10/11/2014 3:19:44 PM
It has been said that those who fail to plan are planning to fail. Whenever people bring up the topic of 'trading plans', what they are really discussing is a business plan for success. Trading is a business, and without a roadmap to follow you might fall prey to the many pitfalls you encounter during the trading journey.
A trading plan doesn't guarantee that you will be profitable or eliminate the dangers of the trading profession, but it certainly gives you an advantage and helps put the probabilities of success on your side.
So what will you find in a typical trading plan? For starters, it should answer the basic question of why you should succeed in this profession. It should outline the parameters and criteria you use to place and manage trades. It should show the reasoning and evidence to support why your strategies will be successful. It should show clearly how you plan to manage risk, both on a trade-by-trade basis and in your overall account. And lastly, is should show realistic goals that are achievable based on your plan.
Having these guidelines written down significantly increases the odds that you will actually follow them, as opposed to only having these ideas in your mind. The act of creating the trading plan, reviewing it, and updating it from time to time can keep you on track and reduce much of the anxiety that comes from trading.
Trading plans can be simple or complex depending on your personality and the type of trader you are. For a purely discretionary trader such as myself, the trading plan can be a combination of both. Since my methodology is based highly on experience and reading the market, my strategies outline the basic guidelines I use to identify setups rather than an exact list of criteria. However, when it comes to risk management I have very specific rules in order to protect my trading capital.
Some traders keep the entire plan about business, while others make it more personal, outlining items such as exercise habits and nutrition as a part of their overall success. A template for a trading plan may look like this:
A. Introduction to trading plan
a. Why am I trading?
b. What are my basic trading rules or philosophies?
c. What is my schedule for trading?
i. Time of day to place trades
ii. Reviewing finished trades and writing in journal
iii. Research or back-testing
B. An overview of the strategies being used
a. How I identify a setup with a probable edge
b.

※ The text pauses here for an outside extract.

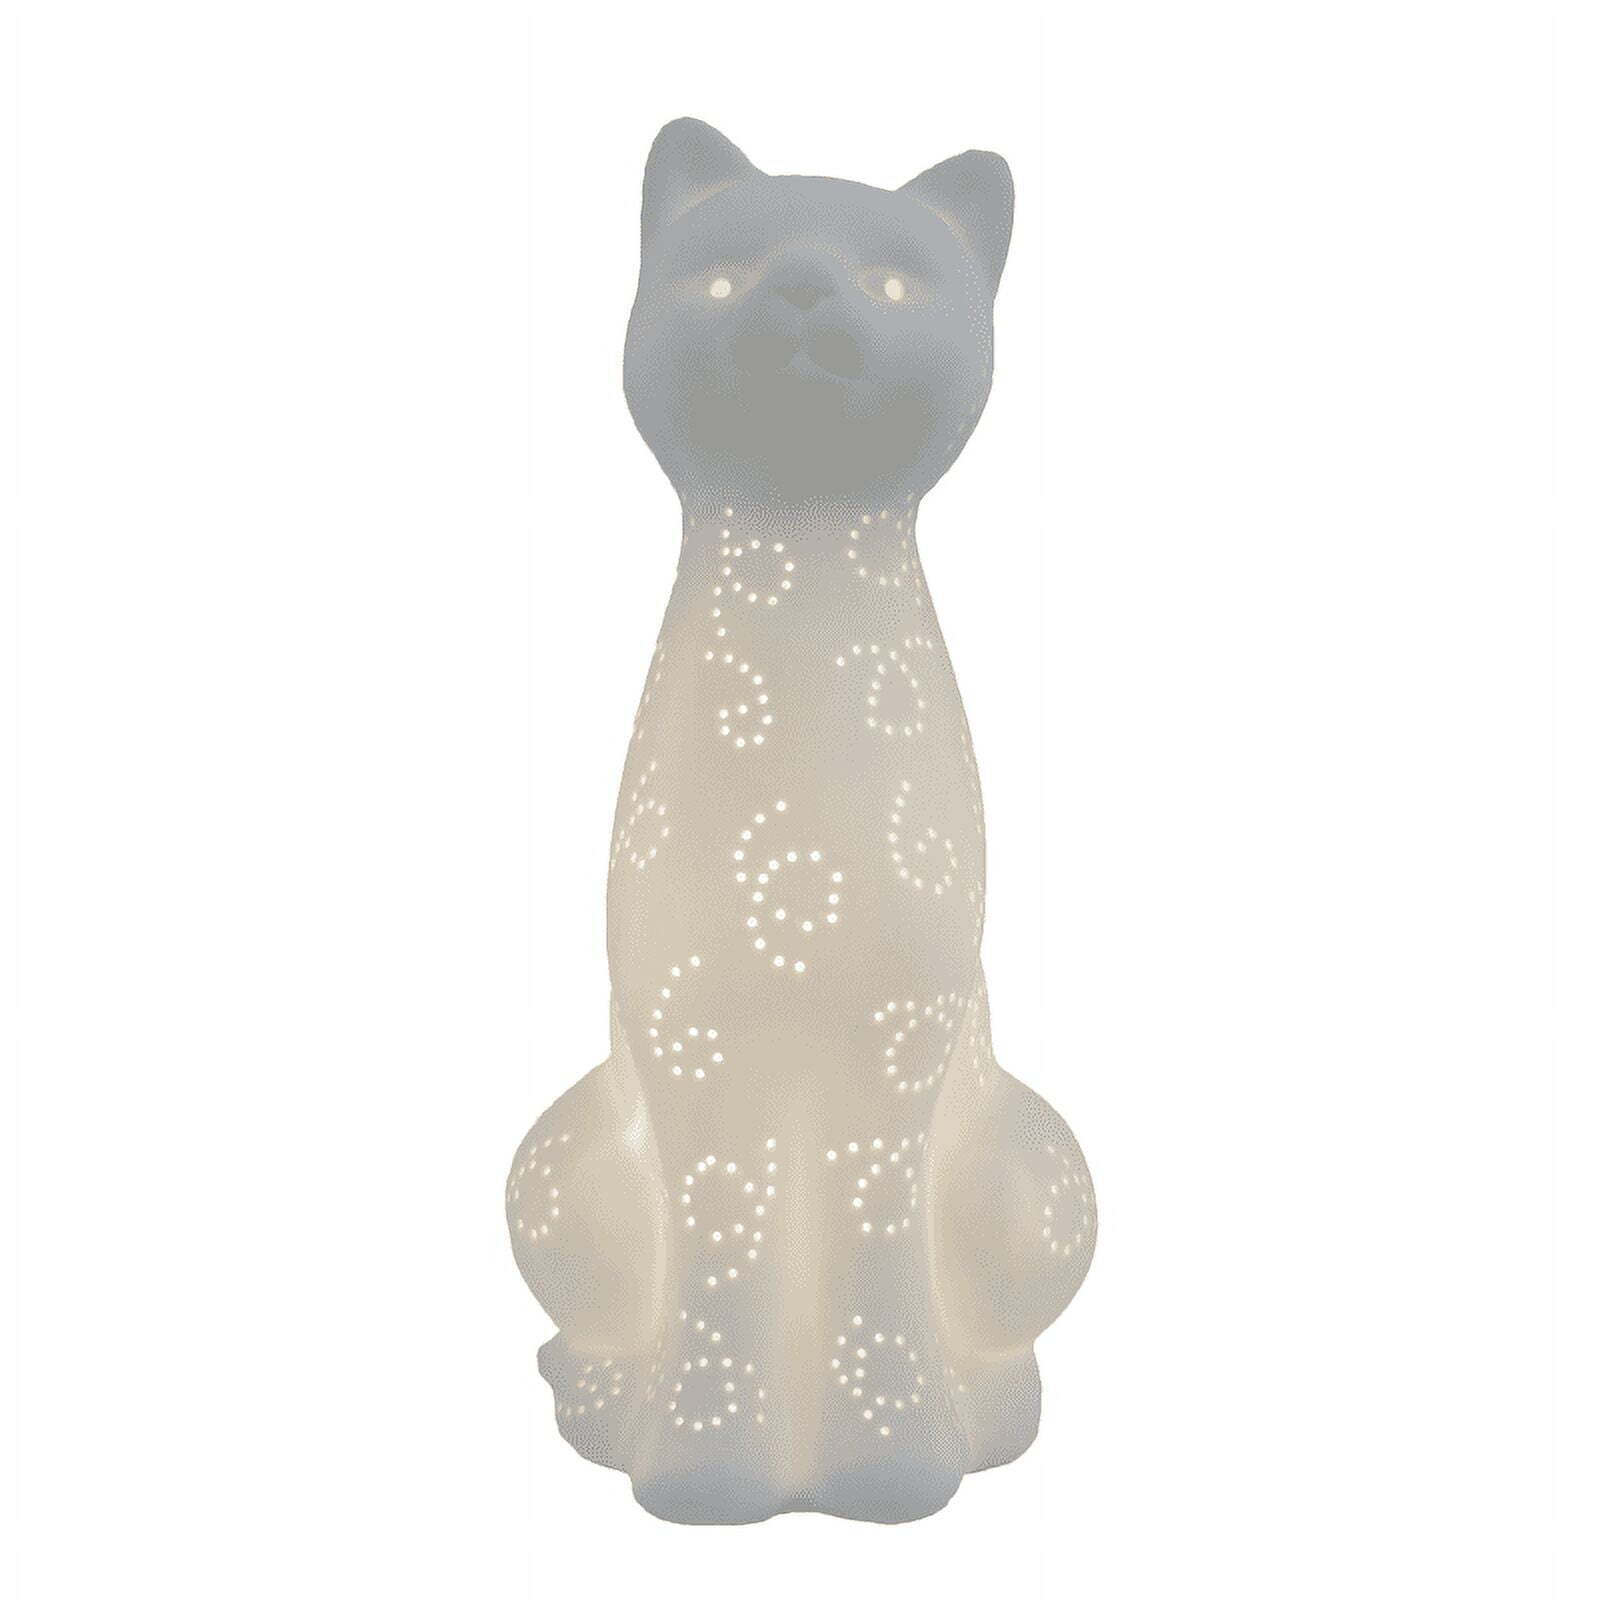 Porcelain Kitty Cat Shaped Animal Light Table Lamp
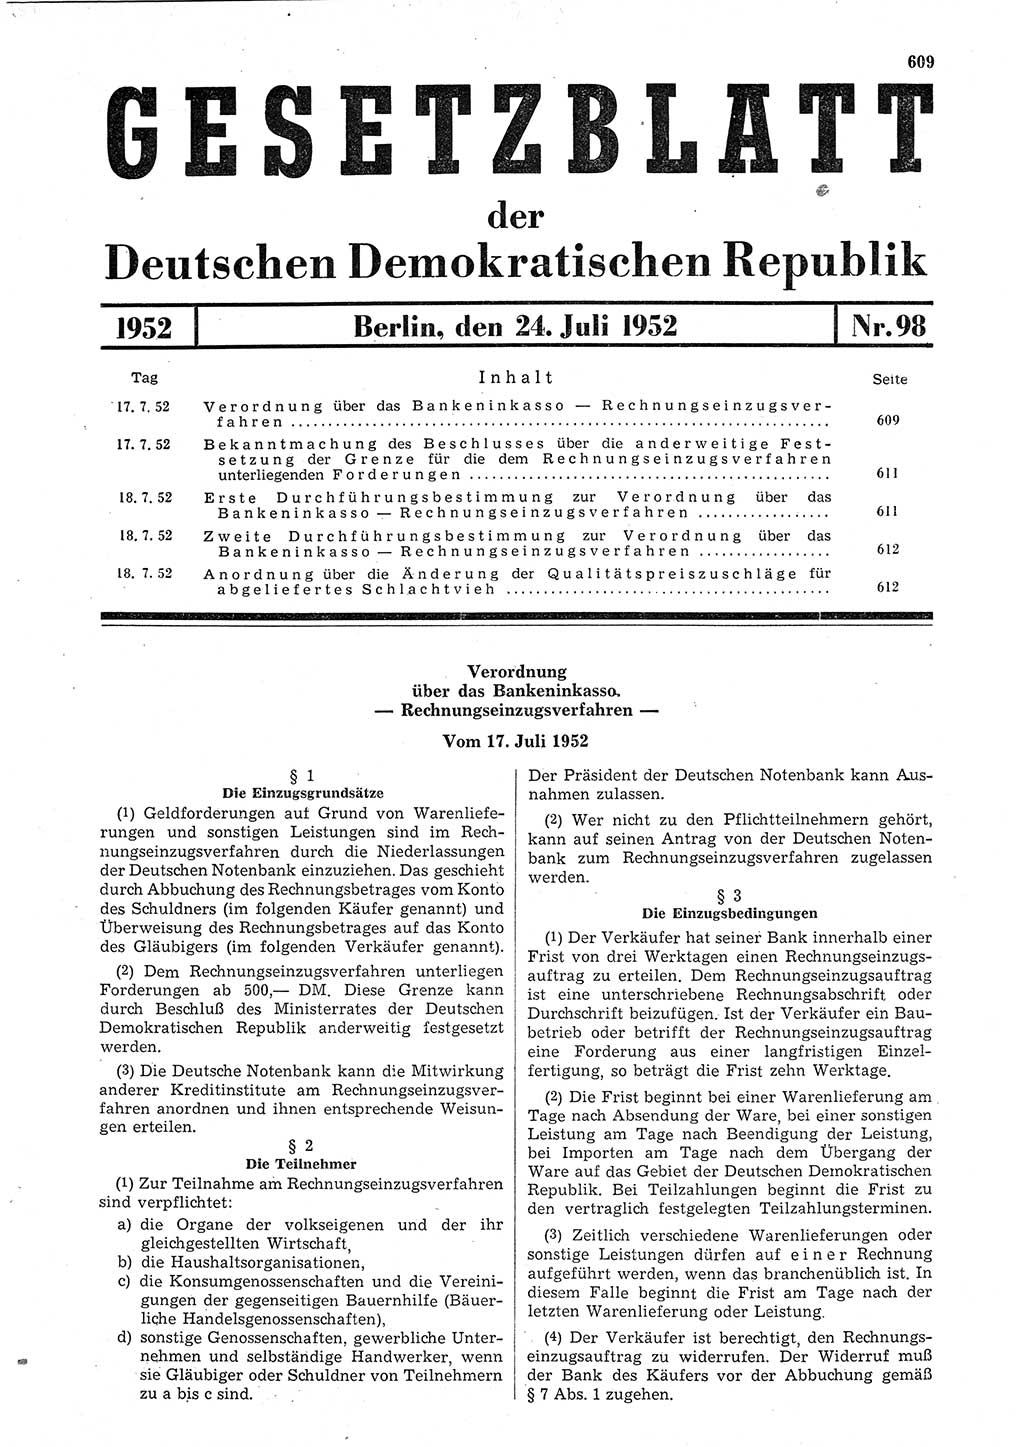 Gesetzblatt (GBl.) der Deutschen Demokratischen Republik (DDR) 1952, Seite 609 (GBl. DDR 1952, S. 609)

How I manage the trade from beginning to end
C. The instruments being traded
a. What markets I will trade
b. What strategy will be applied to these markets
D. How I will manage risk
a. How am I managing risk on each trade?
b. What is my daily or monthly loss limit?
c. What is my max draw-down I will allow before I stop and reevaluate my methodology?
d. How will I increase or decrease my position size based on performance?
e. How much am I allocating to my trading account(s)?
a. What is a realistic goal to reach six months from now?
b. What is my target win ratio, risk/reward etc.?
c. How will I increase my skill as a trader going forward?
Even if you are following someone else's trades, you can still outline the basics of their strategy and then detail your risk management methods.
You might also include a section that gauges your performance, meaning you keep track of how often you follow your trading plan perfectly, and how often you break your own rules because of emotions. This is particularly helpful when starting out, and can be something you write about each day in your trading journal.
Having everything clearly outlined and explained in a trading plan can help give you peace of mind. Instead of waiting for circumstances to occur, you are being proactive and putting a plan is place beforehand that tells you exactly what to do in order to preserve your capital. And since the trading profession is largely psychological, a trading plan can go a long way toward keeping your emotions in check as you continue your journey as a trader.